Go through the listing below and repeat it exactly, dropping the pictures.

» **Data section**

-------

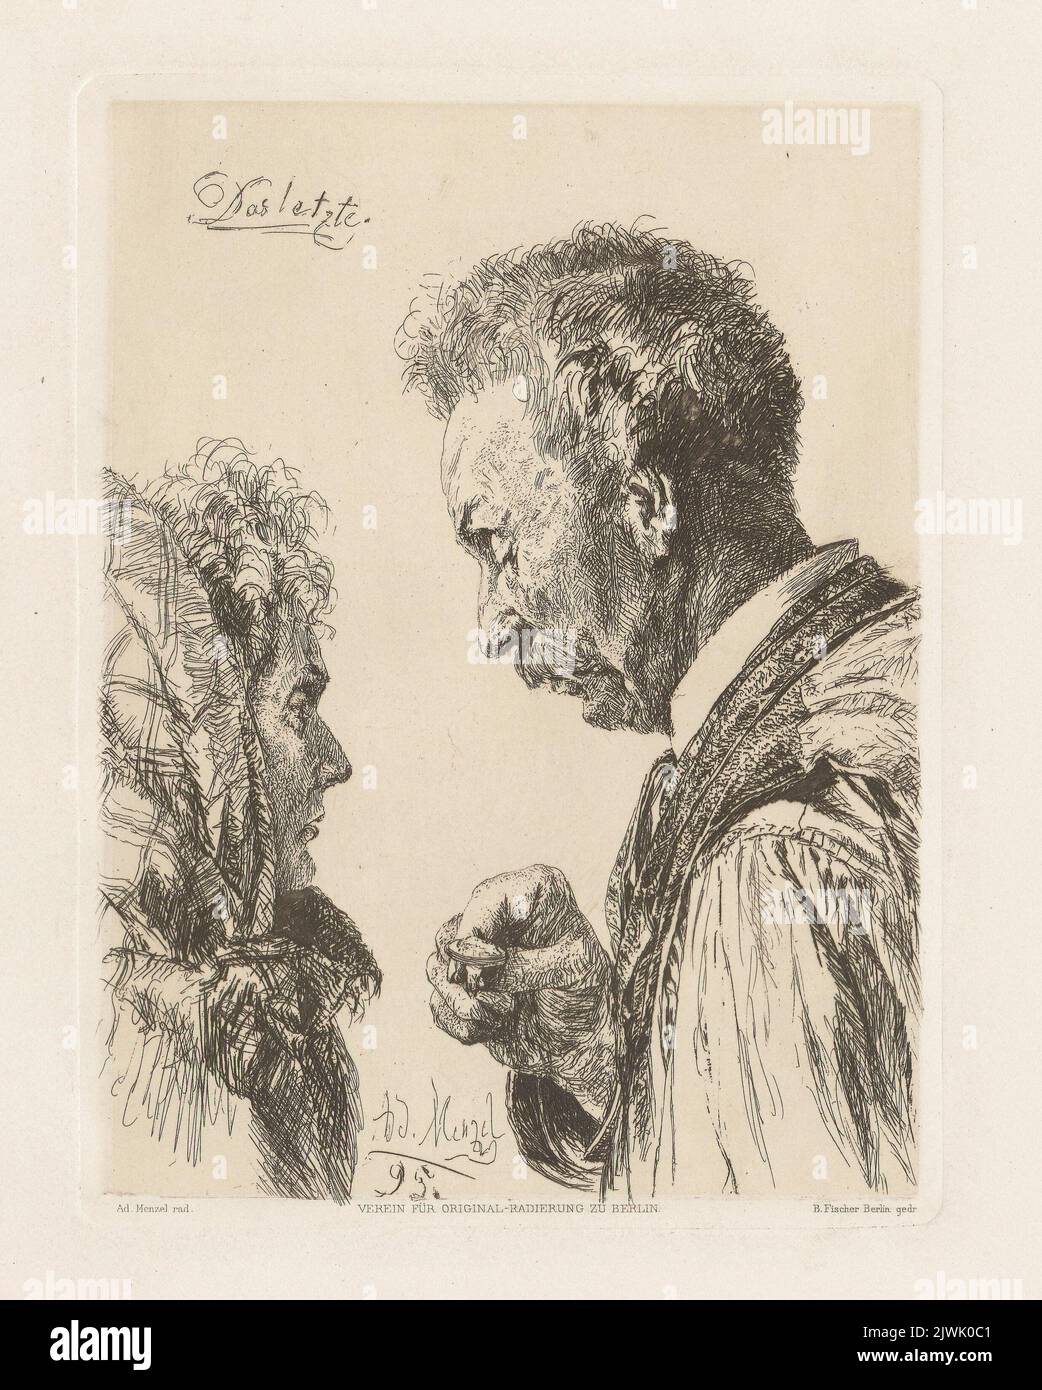 Stary mężczyzna pokazuje kobiecie pierścień z kameą. Menzel, Adolph (1815-1905), graphic artist Stock Photo
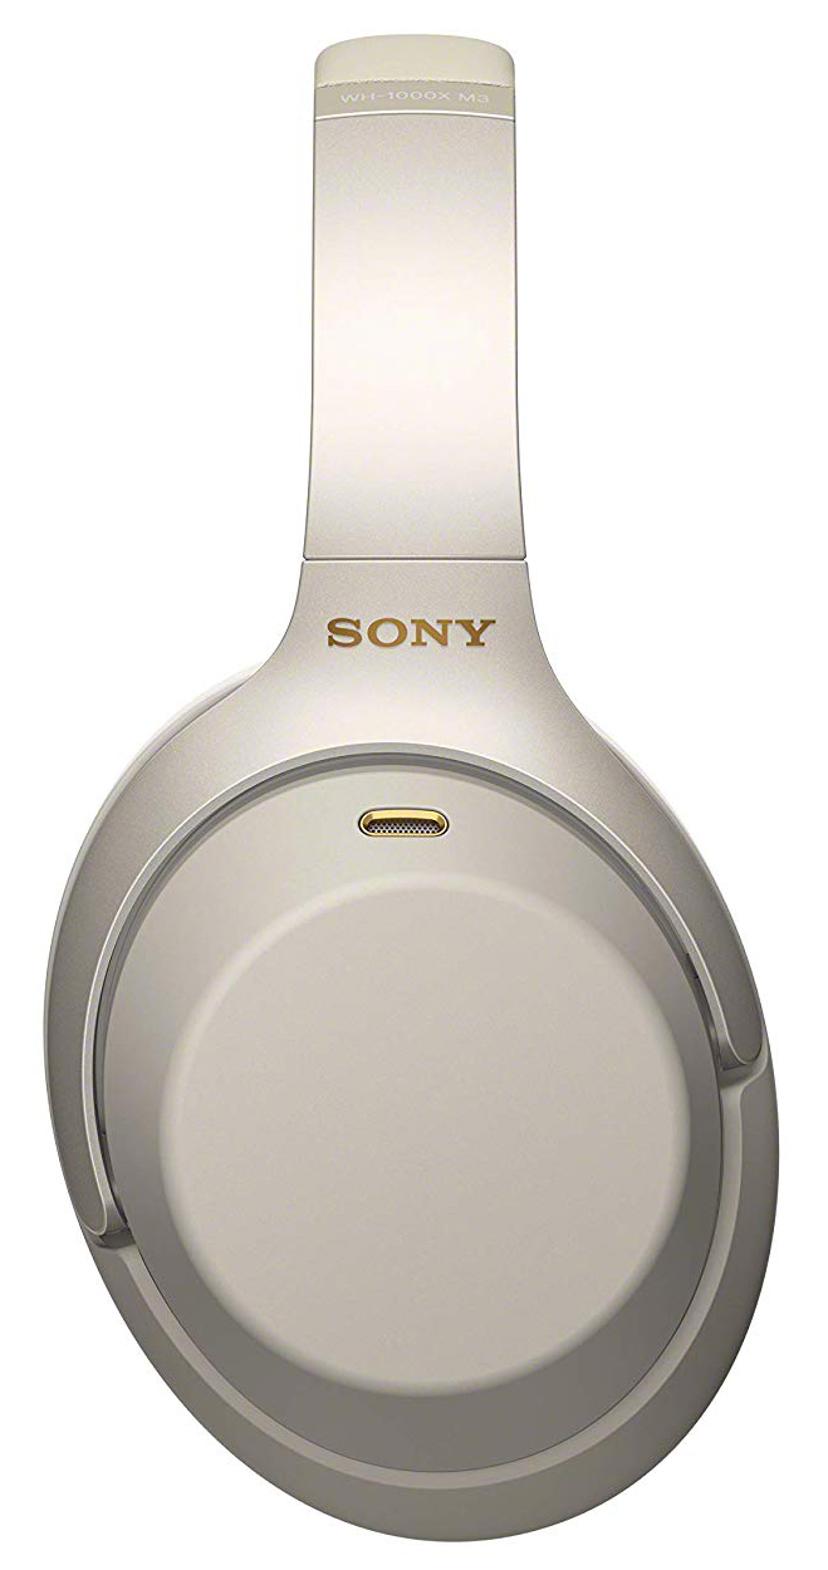 Sony WH-1000XM3 trådlösa hörlurar med mikrofon Hörlurar 3,5 mm kontakt Silver
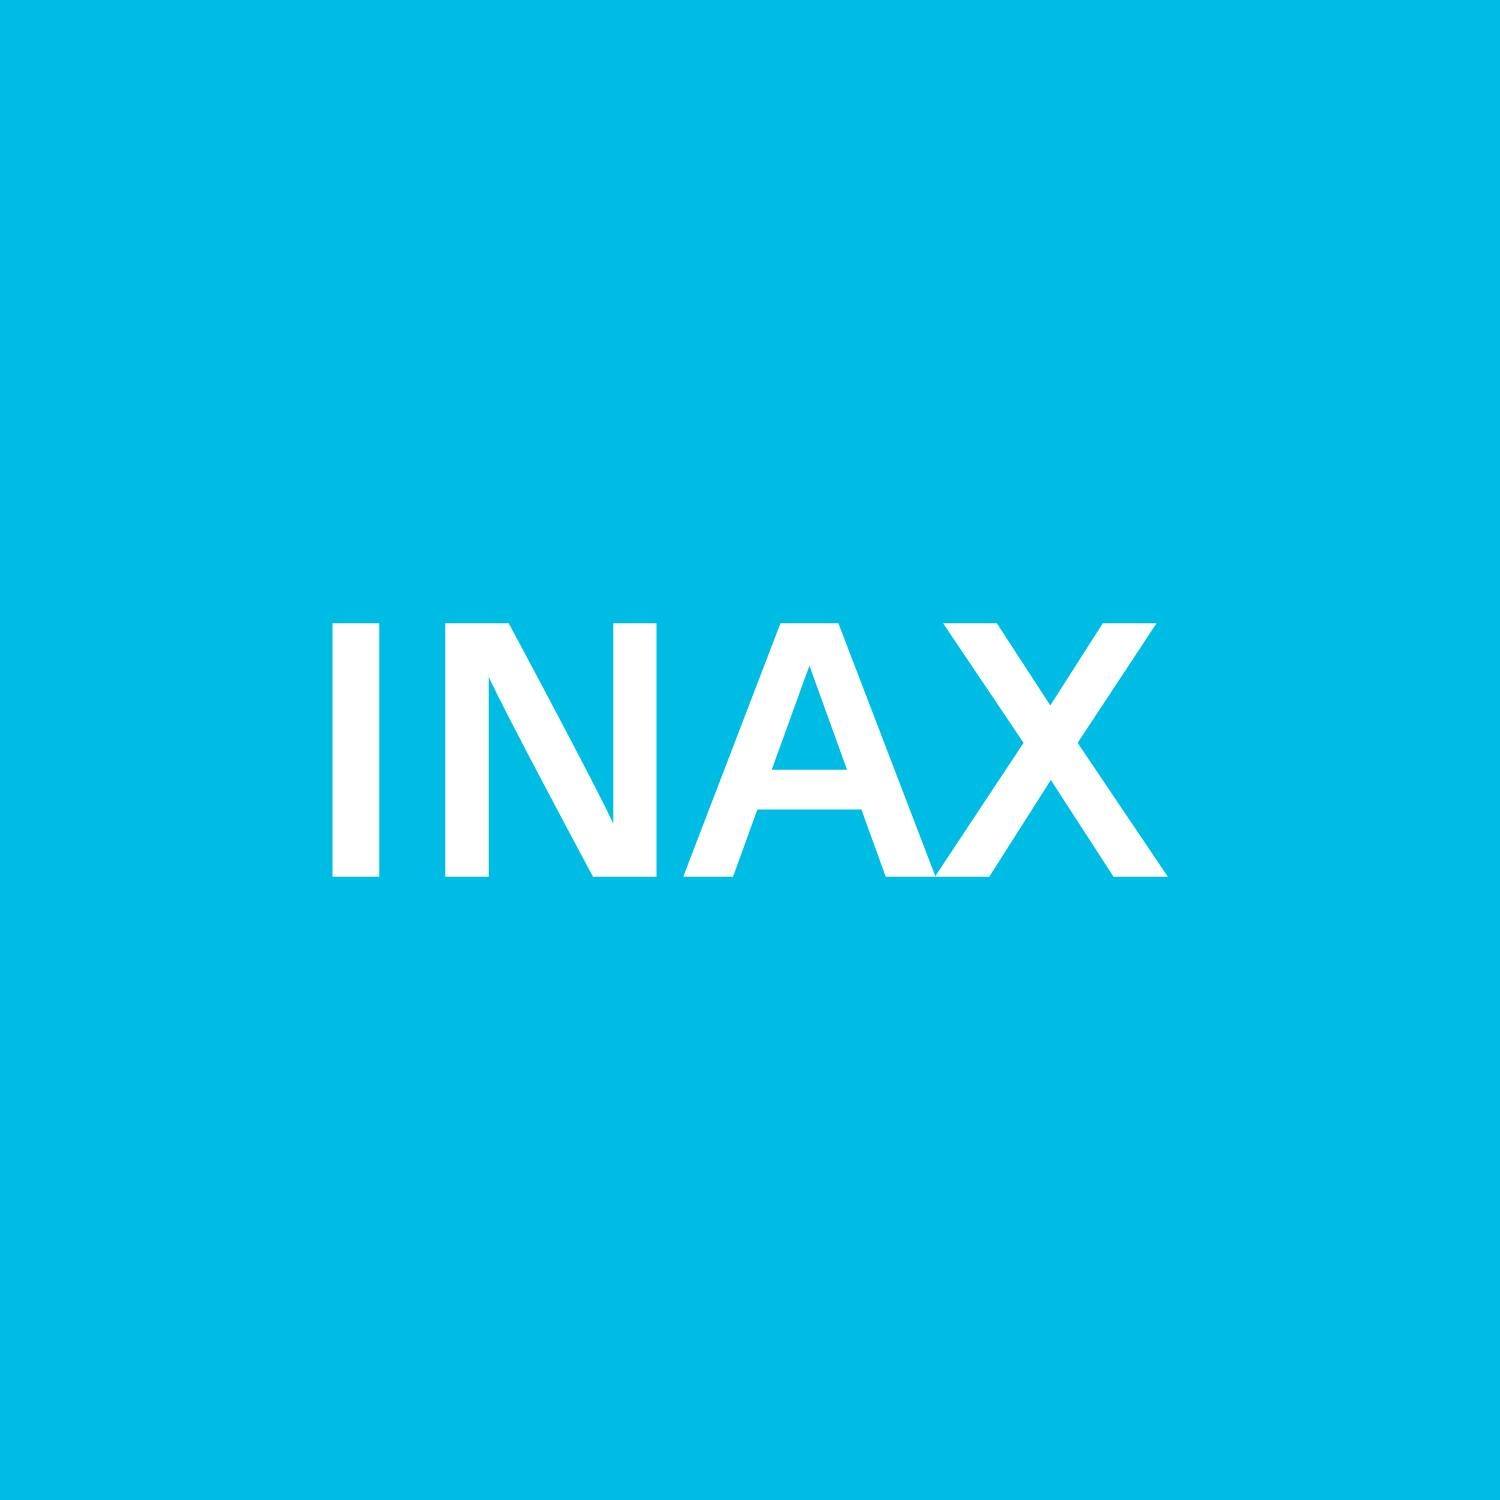 Inax thông báo dừng nhận và phản hồi tin nhắn theo tem xanh trên sản phẩm sen vòi

-------

» **Response**
 Stary mężczyzna pokazuje kobiecie pierścień z kameą. Menzel, Adolph (1815-1905), graphic artist Stock Photo
 Sony WH-1000XM3 trådlösa hörlurar med mikrofon Hörlurar 3,5 mm kontakt Silver
 Inax thông báo dừng nhận và phản hồi tin nhắn theo tem xanh trên sản phẩm sen vòi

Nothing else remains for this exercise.